And if Badass Renegade Shepard was the type of character you were playing. If you had no trouble with backstabbing the Krogan, the Geth, or anyone else who got in your way, then Destroy is the “correct” option for your character–’cause that’s just how he rolls.

But my Shepard wasn’t a total Badass Renegade. Sure, she started out a little heavy on the Renegade end, but as I continued playing, my choices for her went more “middle of the road” by the end of Mass Effect 2, and by the end of Mass Effect 3 she was much more Paragon than Renegade. But despite the Control the Reapers option being the blue color, it didn’t exactly strike me as the Paragon thing to do – because Control destroys free will. And besides, the colors might reflect something more than just Paragon/Neutral/Renegade, as gamermd83 explains in her two-part “Beings of Light” theory:

Sure, the Reapers never had free will to begin with, but why continue the cycle?
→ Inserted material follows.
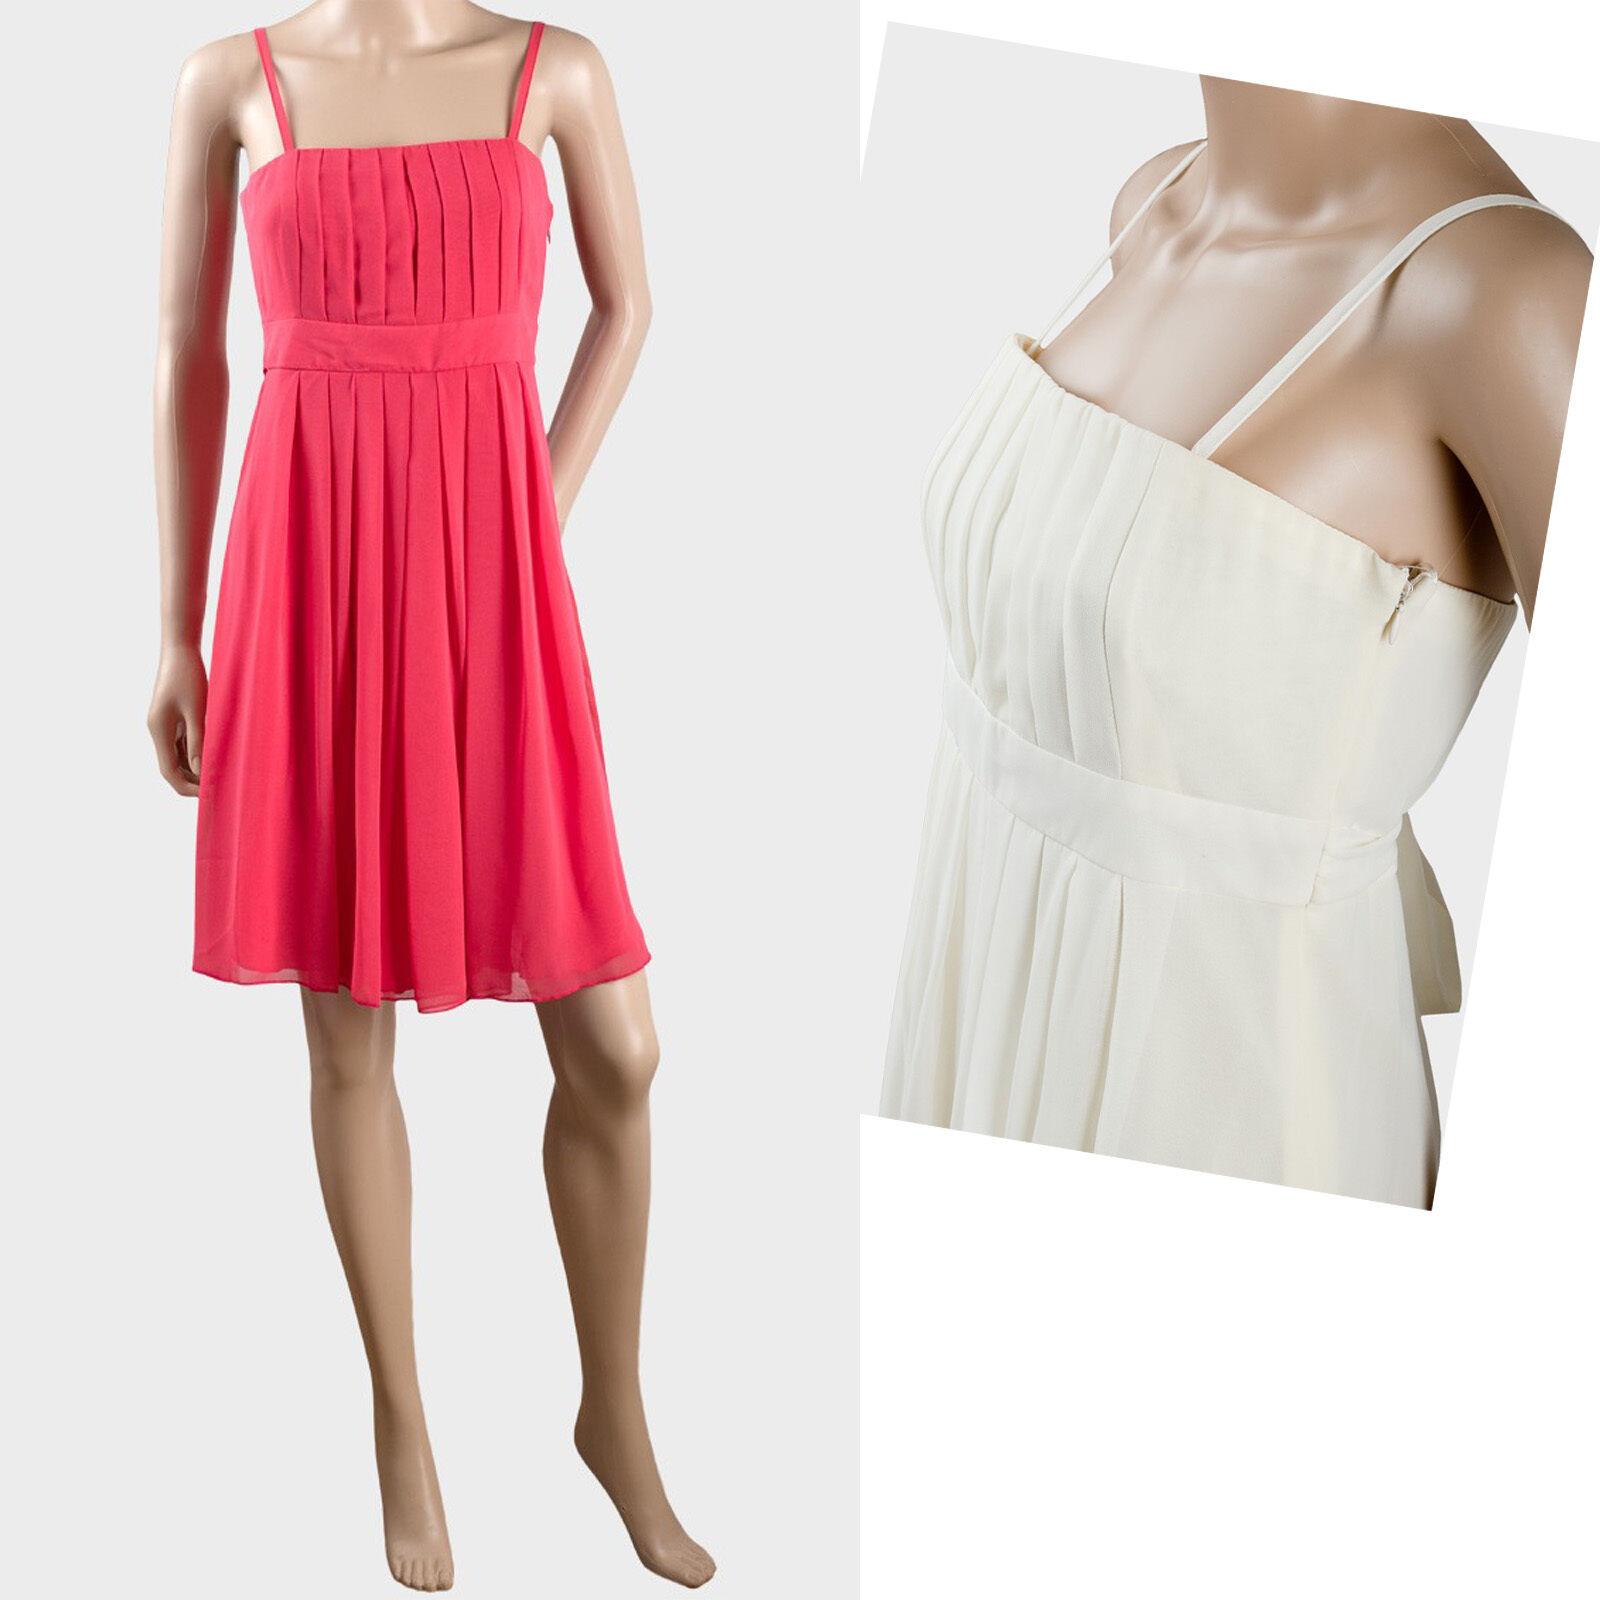 details zu kleid festlich cocktailkleid brautjungfernkleid abendkleid 36-44  neu

But I’m getting ahead of myself. From this point on I’ll be getting a little esoteric on y’all’s asses, so be warned:

Anyone who can put 2+2 together and find out it equals 4 will have no doubt figured out why Commander Shepard’s last name is Shepard. In Mass Effect 2 he dies in a manner where there’s no mistake that he’s dead: by getting spaced out of an exploding Normandy SR1 in a damaged space suit to then get caught up by a nearby planet’s gravity well to end up a crispy critter upon re-entry as he plummets helplessly to the planet’s surface.

A later scene then shows Mr. Bac’n’Crisp getting rebuilt from scratch by Cerberus-modified Reaper tech courtesy of the LAZARUS Project ran by Miranda Lawson (an interesting set of names from an esoteric perspective, no?). It’s obvious that the story writers intended Shepard to be a Messianic archetype, hence why his name is Shepard (Duh!).  In fact, after a Death and Resurrection, the only thing missing for him to completely fulfill his Messianic fate is an Ascension.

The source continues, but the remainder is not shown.